Ken Nguyen, BP’s principal technical program manager, told JPT that oil and space organizations both work in very harsh environments that require solving complex engineering challenges and that joining the “brain power” of BP and NASA experts offers the opportunity to create innovative ideas.
“We also want to be able to operate in an efficient way, in a collaborative way, across a number of vendors” that are required to pull together a complex project, he said. “This is an opportunity for us to collaborate on technology, ways of working, and really learning some lessons. It's about working together to take the things that NASA has learned and worked on and sharing it and using it for the production of energy.”
For instance, the resilience of NASA’s space probes, which operate at distances of billions of miles away for years, are of particular interest for building resilience and increased safety into remote oil installations, Nguyen said.
“They are in space, where they’ve got to make sure that when they put people and equipment in space, it's got to work and be safe, and certainly we would want the same thing here on Earth,” he said.
The collaboration could also lead to transformations in how BP delivers energy, he said.
“We see that it's a huge opportunity for us to make a real difference in the way that we design and operate new assets or existing assets, that really can make a tangible difference to the way that we currently do it today,” Nguyen said.
That could mean the production of cryogenic fuel, like hydrogen, with potential use as a fuel source in space, he said.
Nick Skytland, chief technologist and business development technology integration director for NASA’s Johnson Space Center, told JPT the agreement will provide mutual learning opportunities.
“We want to learn from others, want to build the technology to prepare us for the next giant leap, whether it's on the Moon or ultimately on Mars,” he said. “When we go back to the Moon and Mars, and live on the Moon and Mars, it's not just going to be NASA that's doing this. We have a lot of industry partners.”

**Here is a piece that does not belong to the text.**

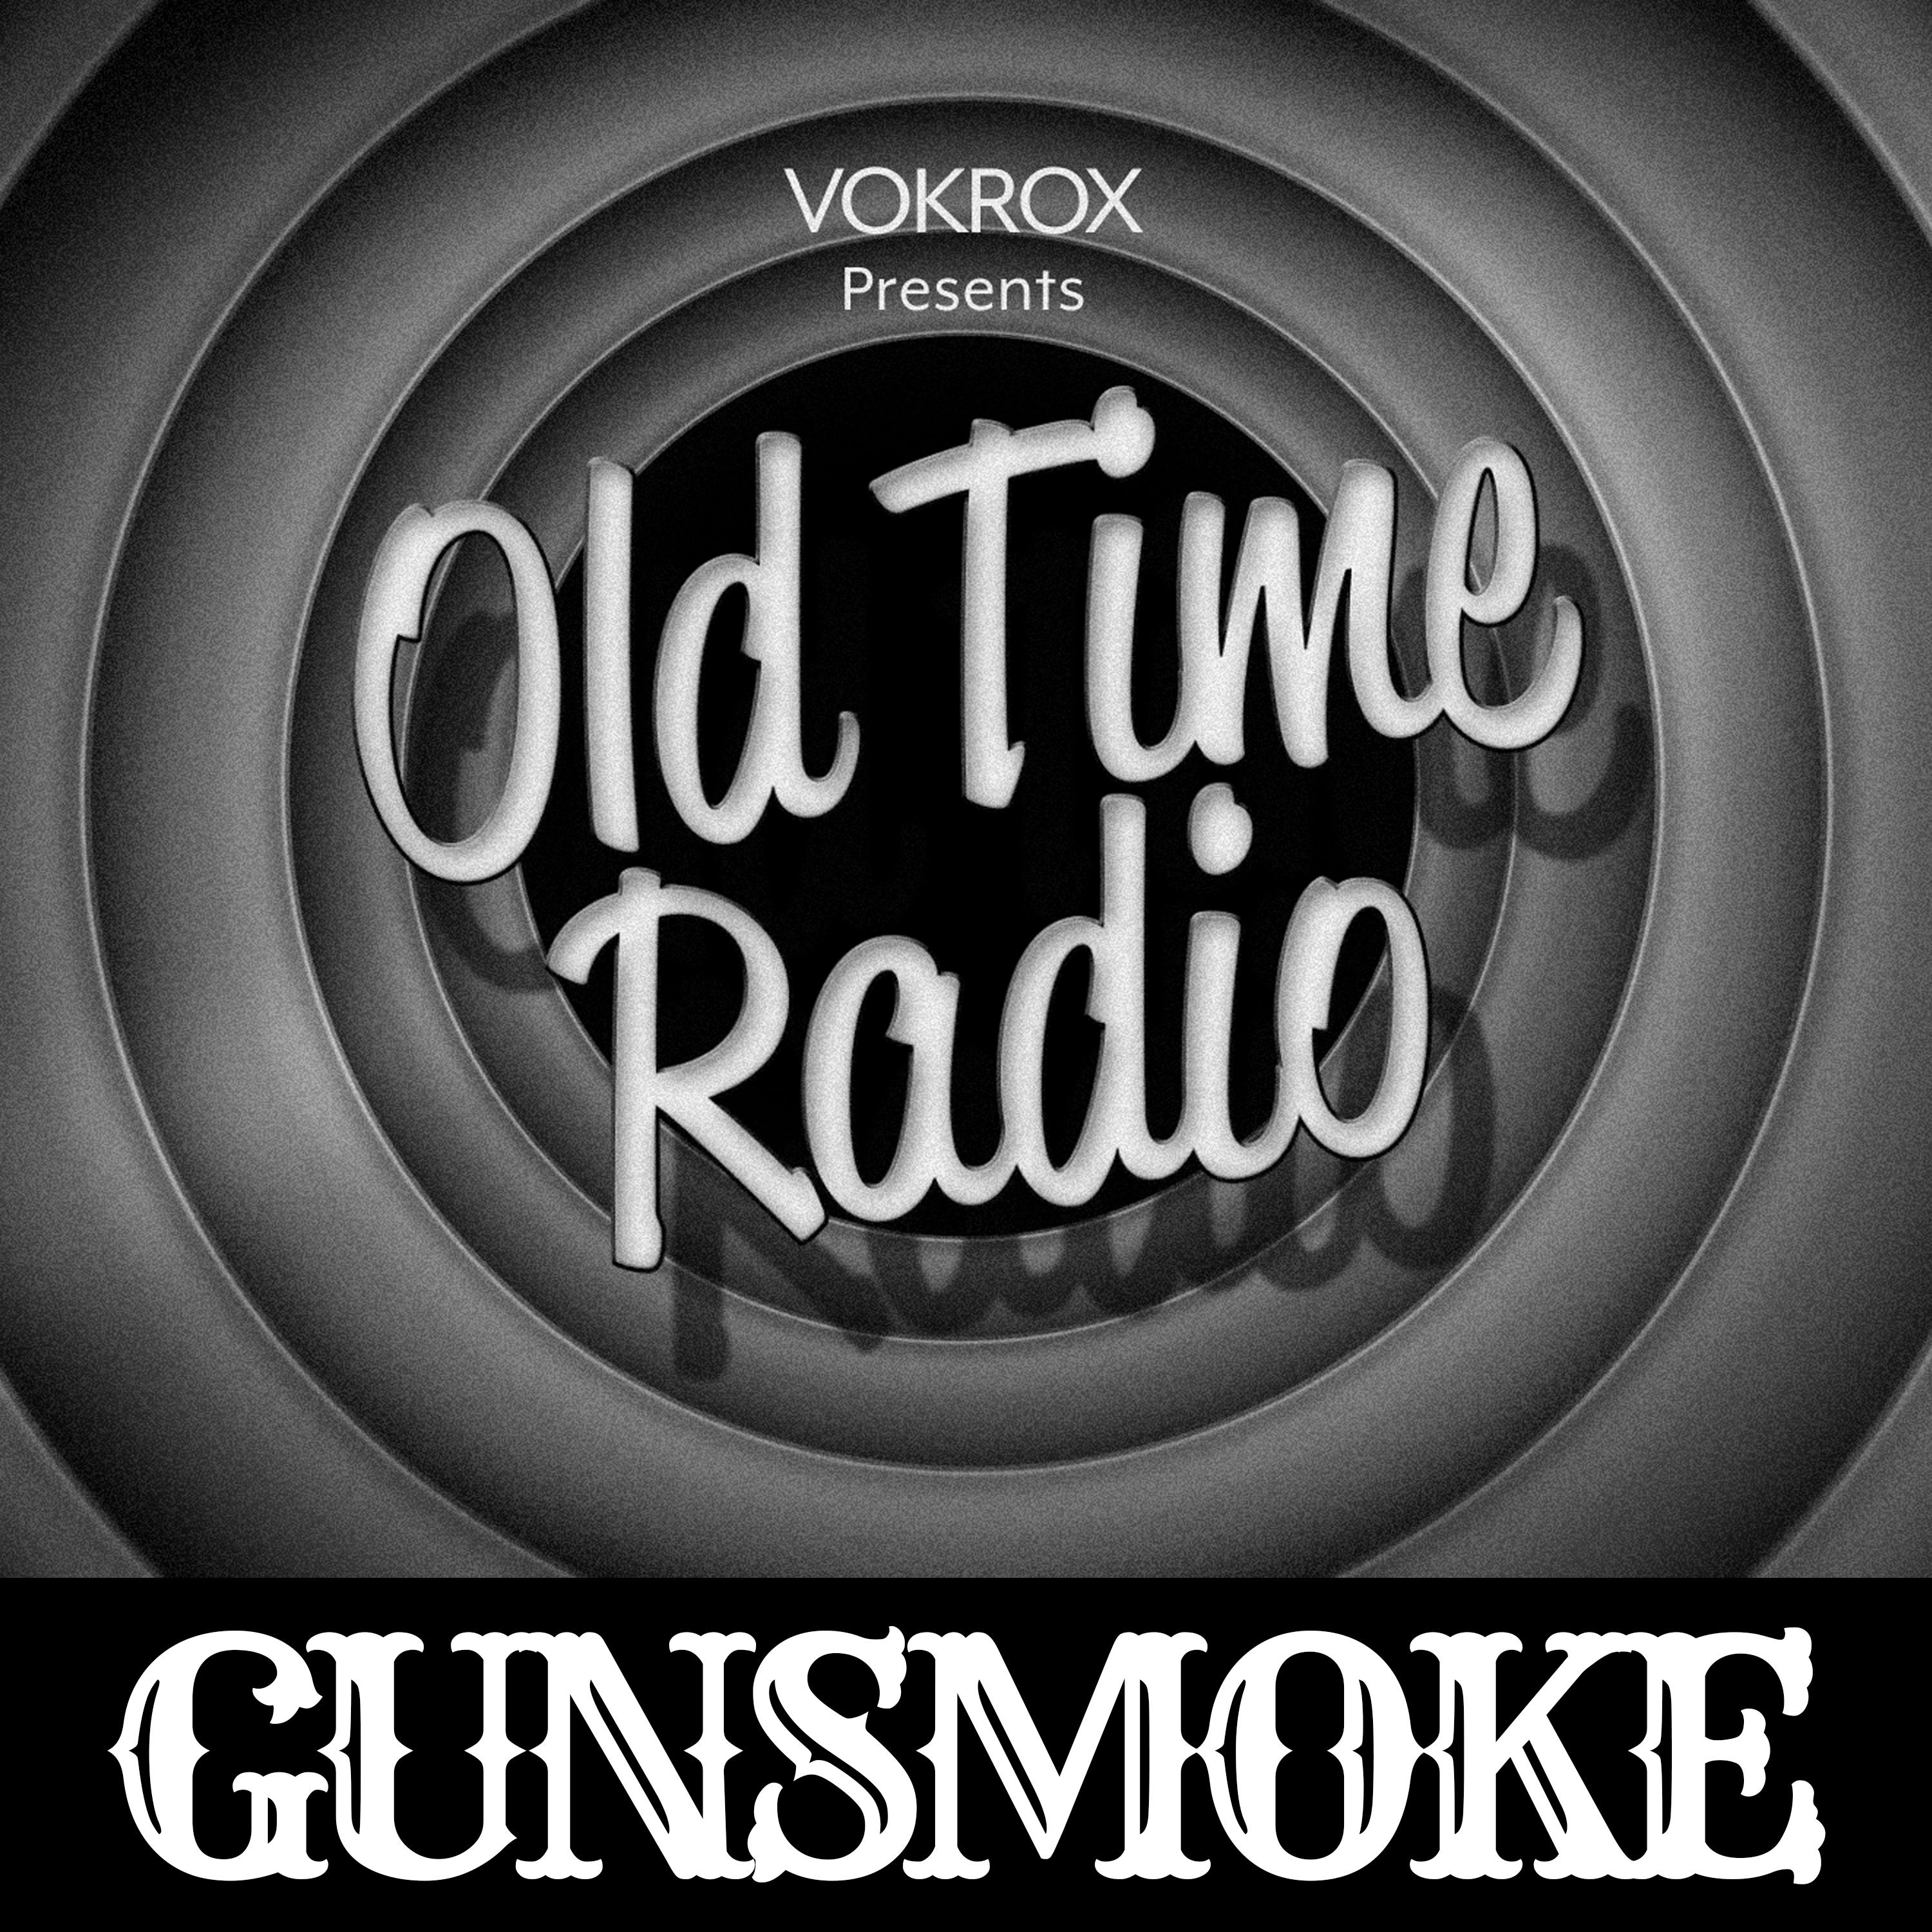 Gunsmoke | Old Time Radio

Some of those partners will be focused on aerospace, but other industries will contribute as well, he said.
“Energy is something that we're going to have to figure out on Earth and then elsewhere,” Skytland said.
Skytland said collaborations help NASA’s engineers, scientists, and technologists see how other organizations tackle challenges.
“What can we learn from others who are doing something that maybe we don't traditionally think about?” Skytland asked. “I think this is going to be really, really helpful for us as we are trying to innovate, trying to think differently, and trying to do that rapidly.”
Bringing engineers together can lead to innovations.
“Maybe that's a new AR (augmented reality), VR (virtual reality) visualization technique, or maybe it's an application of something they've stood up, but that we could apply in a new environment,” he said. “They work in hazardous environments, and we work in hazardous environments. Maybe we do it a little bit differently. Maybe we deploy our infrastructure a little differently than they normally would.”
Nguyen said BP sees potential benefits from learning from NASA’s expertise in robotics, artificial general intelligence, and remote operations. And BP could benefit from that collaboration fairly quickly by using an agile framework that makes it possible to immediately incorporate learnings into BP projects, he said.
Areas of Focus
Skytland said, “Obviously, space exploration is very complicated. Keeping humans alive is even more complicated in space and harsh environments.”
As such, NASA is seeking to develop standards that could be useful for its engineers as well as expanding and developing capabilities of visualization and simulation.
“Generally, standards are super important in every industry,” Skytland said, noting NASA works with a lot of industry providers on space flight systems. “We want to do that in common ways.”
Rather than prescribing a solution, he said, the goal is to find a way to collaborate and ensure all the pieces interface correctly.
“If industry is building something over here, and NASA's building something over here, we need those things to interface, and the first time we need them to interface and test that and make sure that works, is not in space. It’s here on Earth, and ideally in a digital world,” he said.
Aside from working to define common standards around data, model, and taxonomy requirements to ensure data is right, Nguyen said the collaboration will focus on advancing digital twin and simulation modeling technology
“We within BP are pretty advanced in terms of our use of what we call dynamic digital twin, in terms of being able to model and replicate our physical asset in a way that has both static and dynamic data that we use operationally,” he said. With NASA, “we want to share and collaborate that together, but take it a step further right with the goals of how to really fully become remote.”
Skytland said NASA is interested in how it can make its static models more responsive and more physics-based to support operations in space with limited supporting infrastructure.
“All of that requires high-bandwidth communication, efficient data transfer, and you're doing that in places that don't have a lot of infrastructure to support that, again, just like an energy-type application,” he said. “We're trying to figure out, ‘What does it look like, not just to land on the Moon, but to live there with a human presence that's sustainable into the future?’”